Kesepakatan Hadat Tujuh Bone dengan Kompeni Belanda dan Arumpone untuk mengusir Karaeng Popo dari Bone. Setelah Karaeng Popo kembali ke Gowa, anaknya yang bernama We Sutera Arung Apala meninggal dunia pada tahun 1903 M.

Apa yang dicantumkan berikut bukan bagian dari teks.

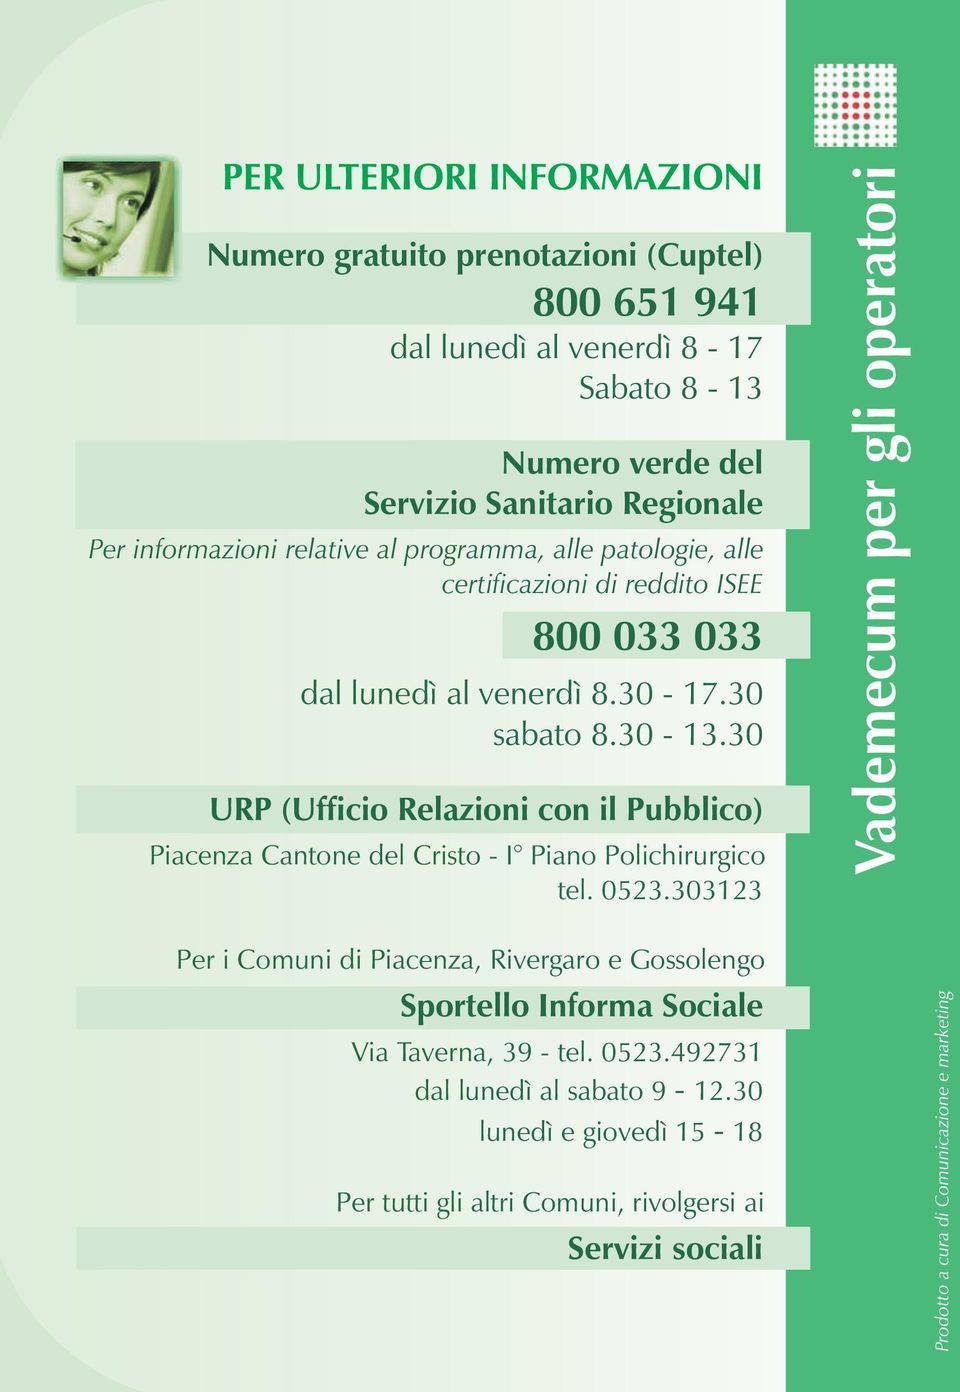 30 URP (Ufficio Relazioni con il Pubblico) Piacenza Cantone del Cristo - I Piano Polichirurgico tel. 0523.

Pada tanggal 16 Februari 1895 M. terjadi lagi kesepakatan antara Kompeni Belanda dengan Bone untuk memperbaharui Perjanjian Bungaya. Dengan demikian, Kompeni Belanda bertambah yakin bahwa persahabatannya dengan Bone sudah sangat kuat. Akan tetapi setahun setelah terjadinya kontrak persahabatan itu, Belanda melihat adanya tanda-tanda bahwa perjanjian yang pernah disepakati bakal diingkari oleh Arumpone.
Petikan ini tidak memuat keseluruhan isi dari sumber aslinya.